Yes! Your moisturizer can dramatically affect the efficacy and side effects of the other products in your regimen. Plus, if you struggle with dry or irritated skin, finding the right moisturizer is an essential step to getting smoother, more comfortable skin. For these reasons, it is so important that you find the right moisturizer that fits your Baumann Skin Type®. Use these tips to help you choose a moisturizer for healthy, beautiful skin.

How to Choose a Moisturizer

Several factors come together to determine which moisturizers and other skin care your skin needs. Unfortunately, there is no one-size-fits-all moisturizer that will work for everybody. Asking your friends for skin care recommendations is not usually helpful, since their skin type may be very different from yours. Instead, start with these three steps to select the right moisturizer.

1. What is your Baumann Skin Type®?

Every product that you use on your skin needs to contain the proper ingredients for your Baumann Skin Type®. There are 16 Baumann Skin Types®, and you can find out which one you are by taking the questionnaire with a Skin Type Solutions physician partner.

Once you know your skin type, you can work with your doctor to start a customized skin care regimen that includes beneficial ingredients and avoids ones that could aggravate or worsen existing skin conditions.



2. Do you want to increase or decrease skin penetration of other products?

Many people do not realize that their moisturizer plays a large role in determining how well the other products in their regimen penetrate into the skin and work. This affects both efficacy and side effects. Depending on its ingredients, your moisturizer can either increase or decrease the absorption rate of other products into your skin. In some cases, you want to increase penetration, while in others, you want to decrease it.

Moisturizers can increase penetration of ingredients into the skin

For example, many expensive anti-aging ingredients have trouble getting into your skin. They are useless on the surface. Putting an occlusive moisturizer on top of an important anti-aging treatment product helps to force the that important expensive ingredient into the skin. Plus, some ingredients make the bilayer protective membrane around your skin cells more permeable, which also helps to increase penetration. Hyaluronic acid is an ingredient known to help other ingredients penetrate into the skin and it is often used as an additive in medications to increase topical drug delivery.
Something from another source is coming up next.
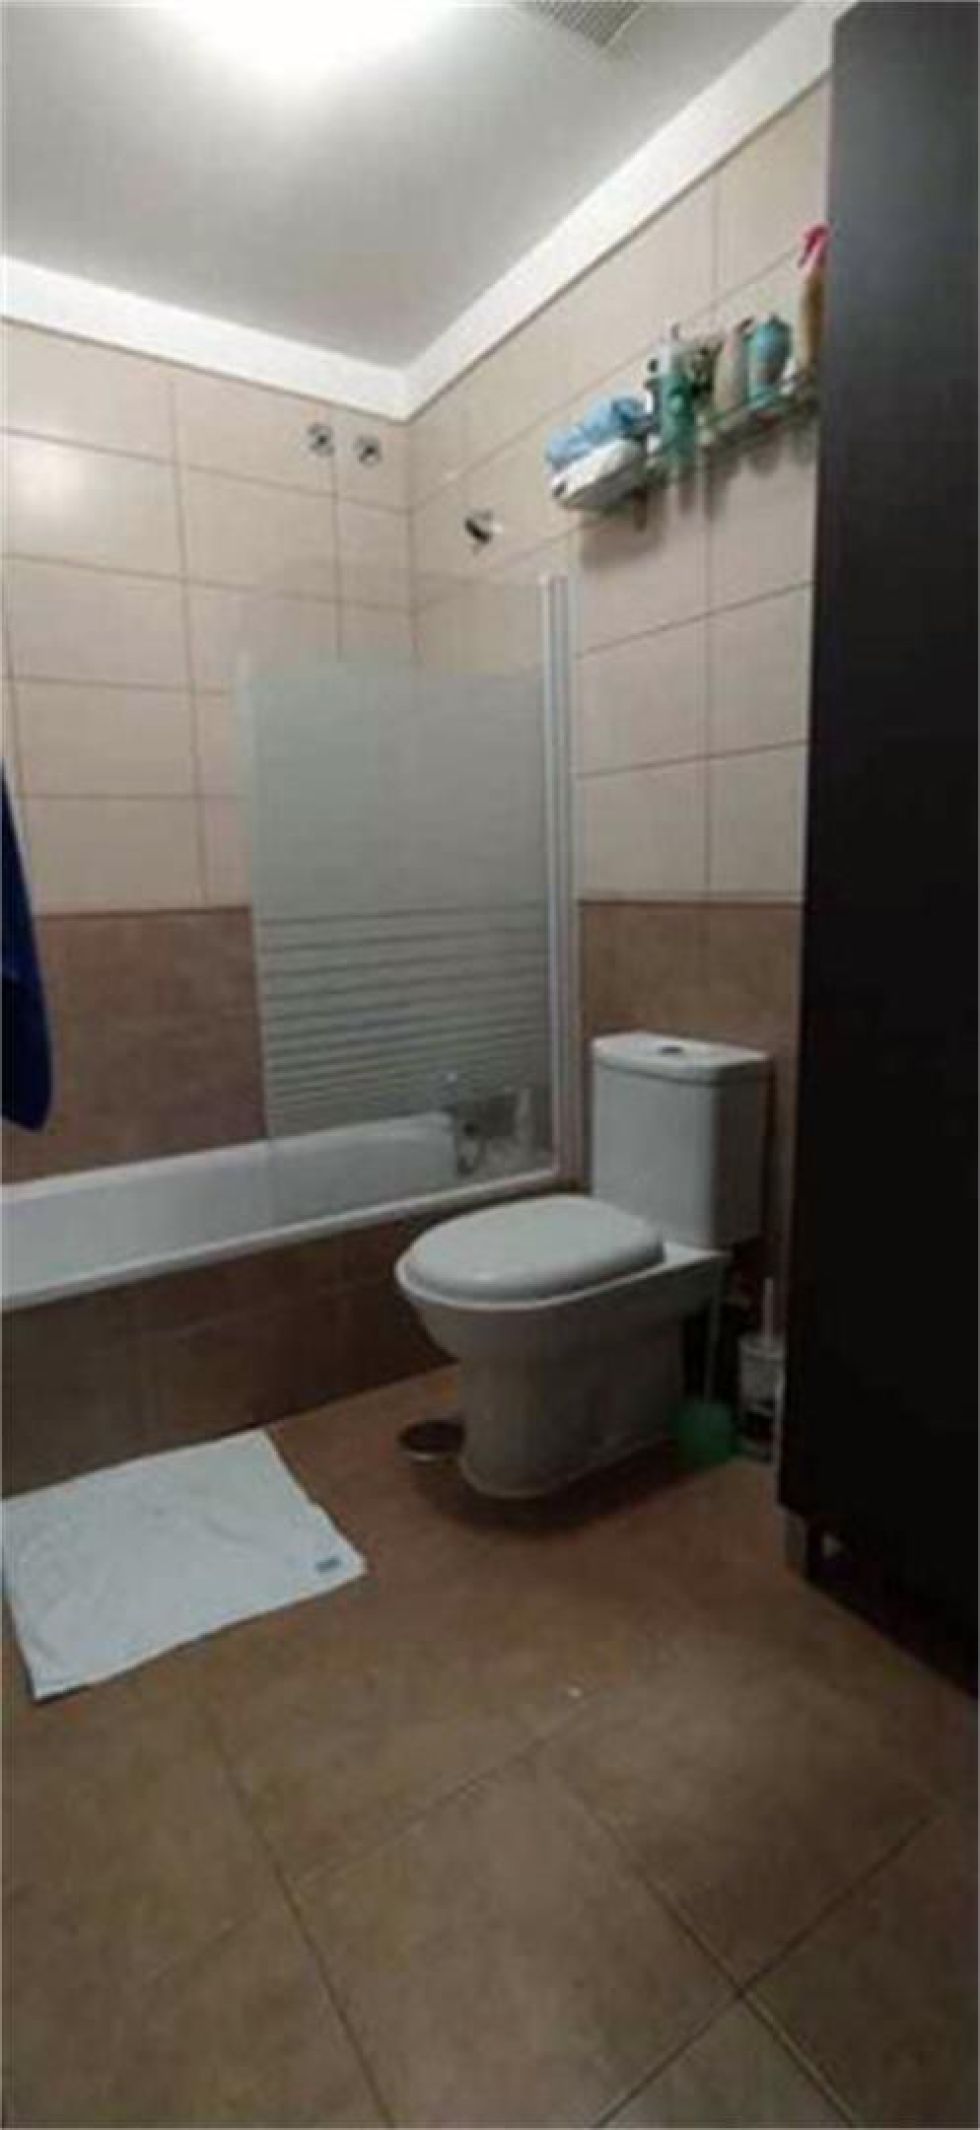 Penthouse for sale in  San Isidro, Spain - TRC-2059

Occlusive ingredients create a protective seal on your skin that keeps water and important treatment products inside.
Moisturizers can decrease penetration of ingredients into the skin

In some cases, you may want to decrease penetration of products or medications to reduce side effects. For example, benzoyl peroxide can be very irritating to some skin types. Increasing the penetration of benzoyl peroxide would increase side effects. Using a barrier repair moisturizer can help reduce the penetration of benzoyl peroxide and lessen the dryness and irritations often seen with benzoyl peroxide. The same is true when you first start using retinoids. Retinoids easily penetrate into the skin and can cause irritation and redness until your skin gets used to it.  In this case, less penetration is better. Using a barrier repair moisturizer before a retinoid like retinol, tretinoin, adapalene, and tazarotene can help reduce side effects. With my patients, once they adapt to the retinoids, I then have them change and apply the moisturizer on top of the retinoid instead of under it.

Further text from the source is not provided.